• _ABOUT THIS TASK_:
When copying the data below, keep only the lines from the one with "Ikea Place, la" through the one with "1T copertura casco", word for word, and skip the pictures.

• _PROVIDED ENTRIES_:
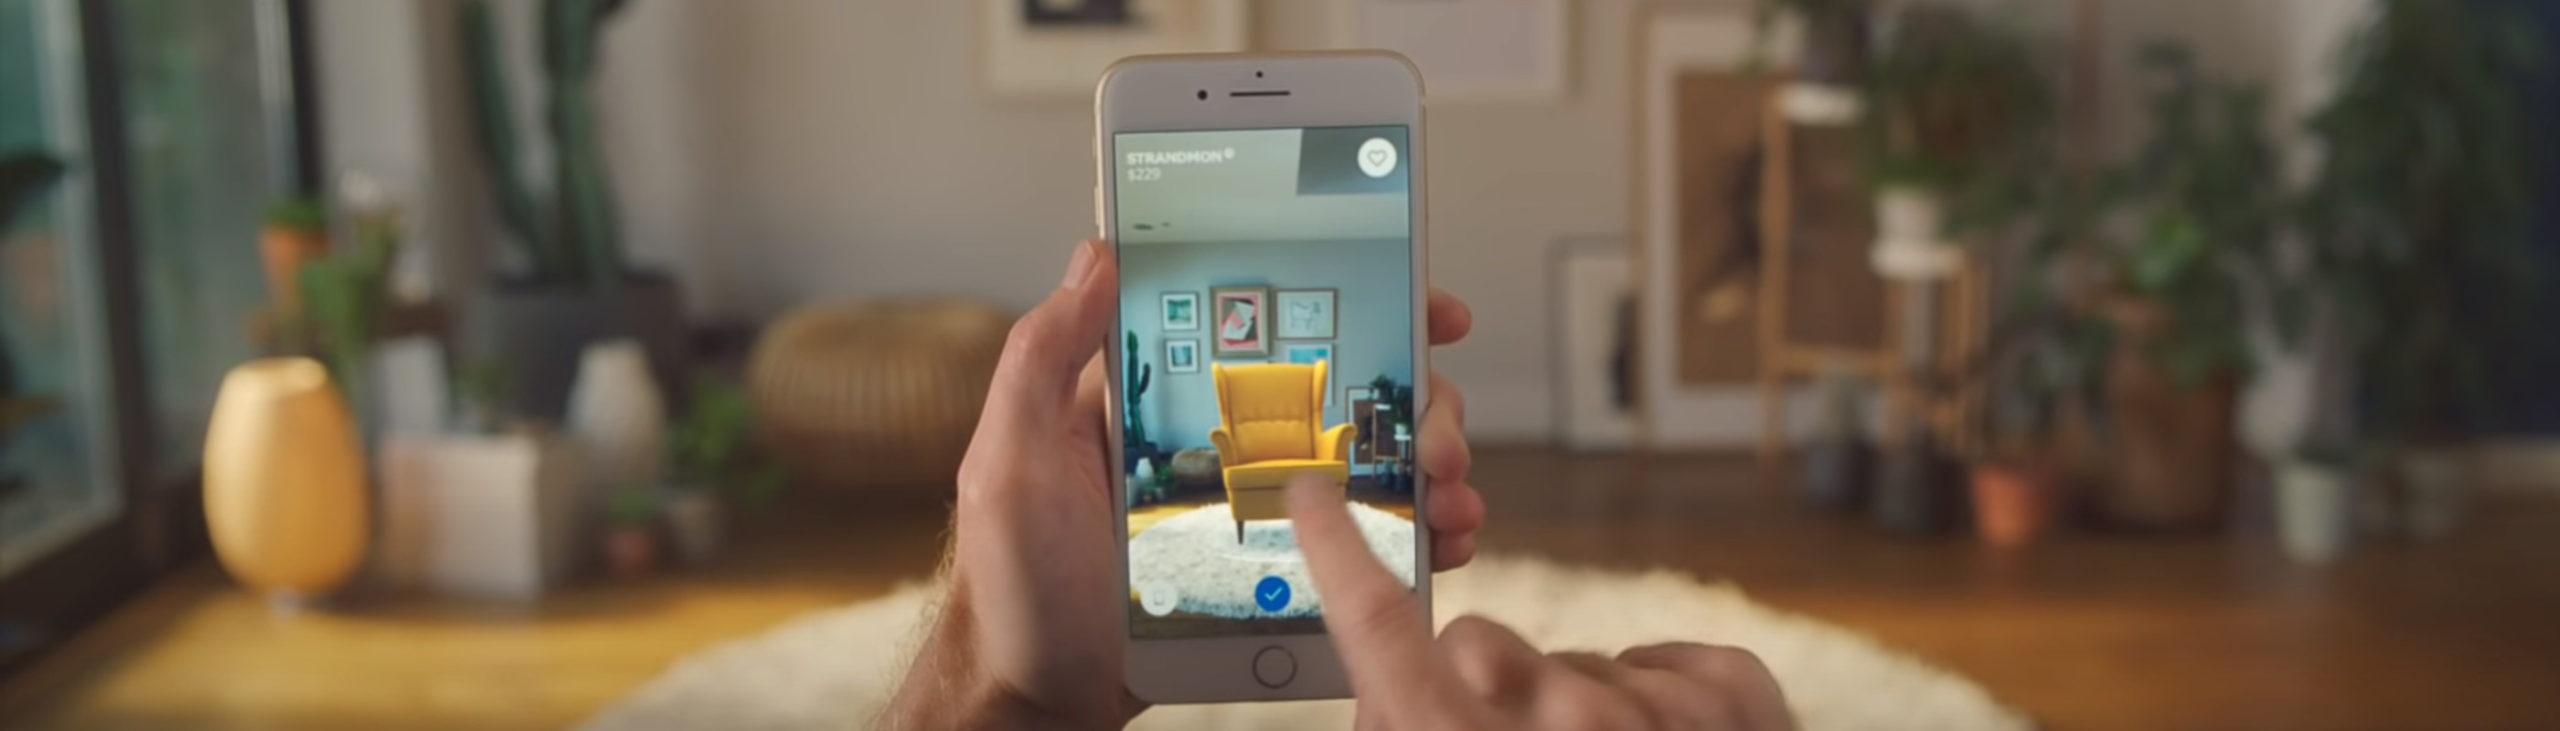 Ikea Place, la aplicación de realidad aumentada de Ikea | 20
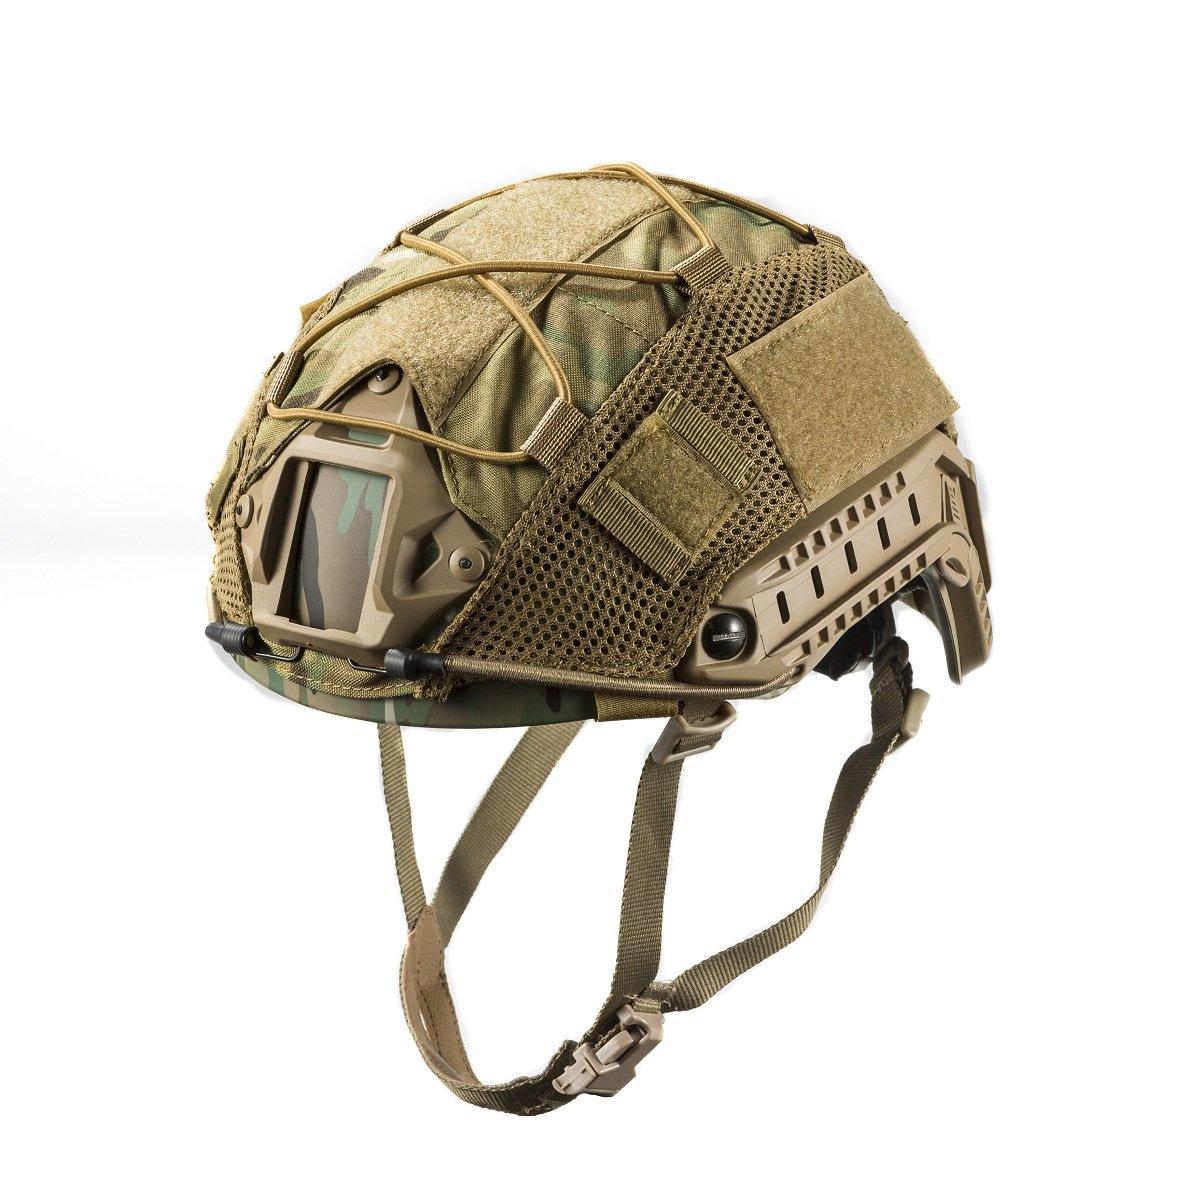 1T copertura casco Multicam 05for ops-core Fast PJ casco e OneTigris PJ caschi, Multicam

* * *

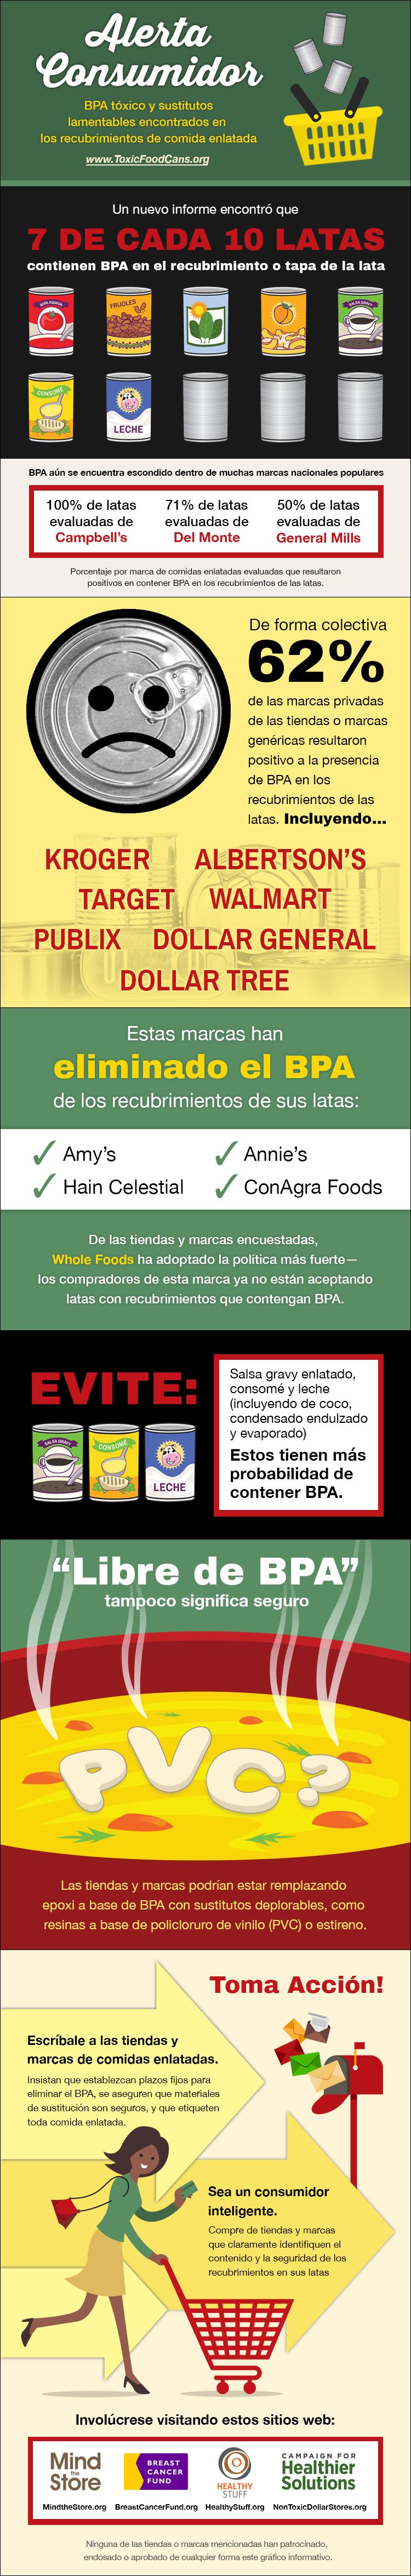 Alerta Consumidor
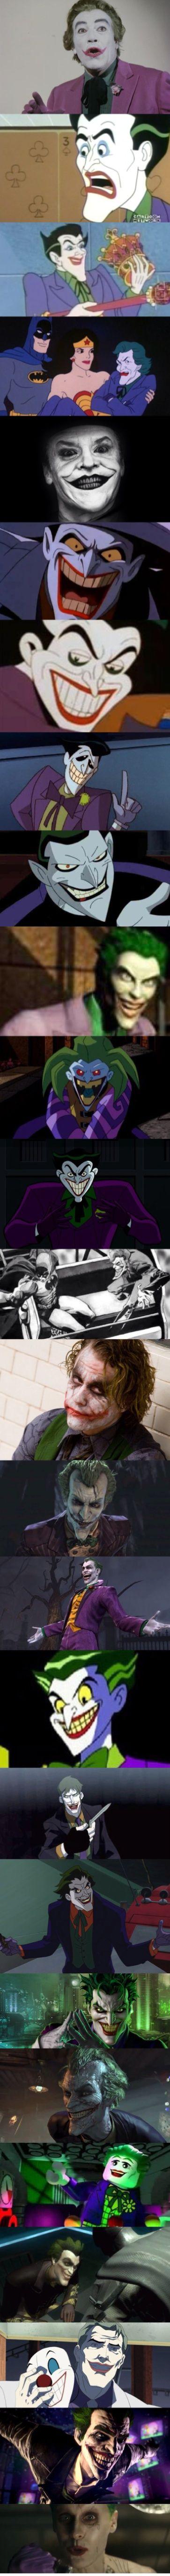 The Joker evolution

• _ANSWER SECTION_:
 Ikea Place, la aplicación de realidad aumentada de Ikea | 20
 1T copertura casco Multicam 05for ops-core Fast PJ casco e OneTigris PJ caschi, Multicam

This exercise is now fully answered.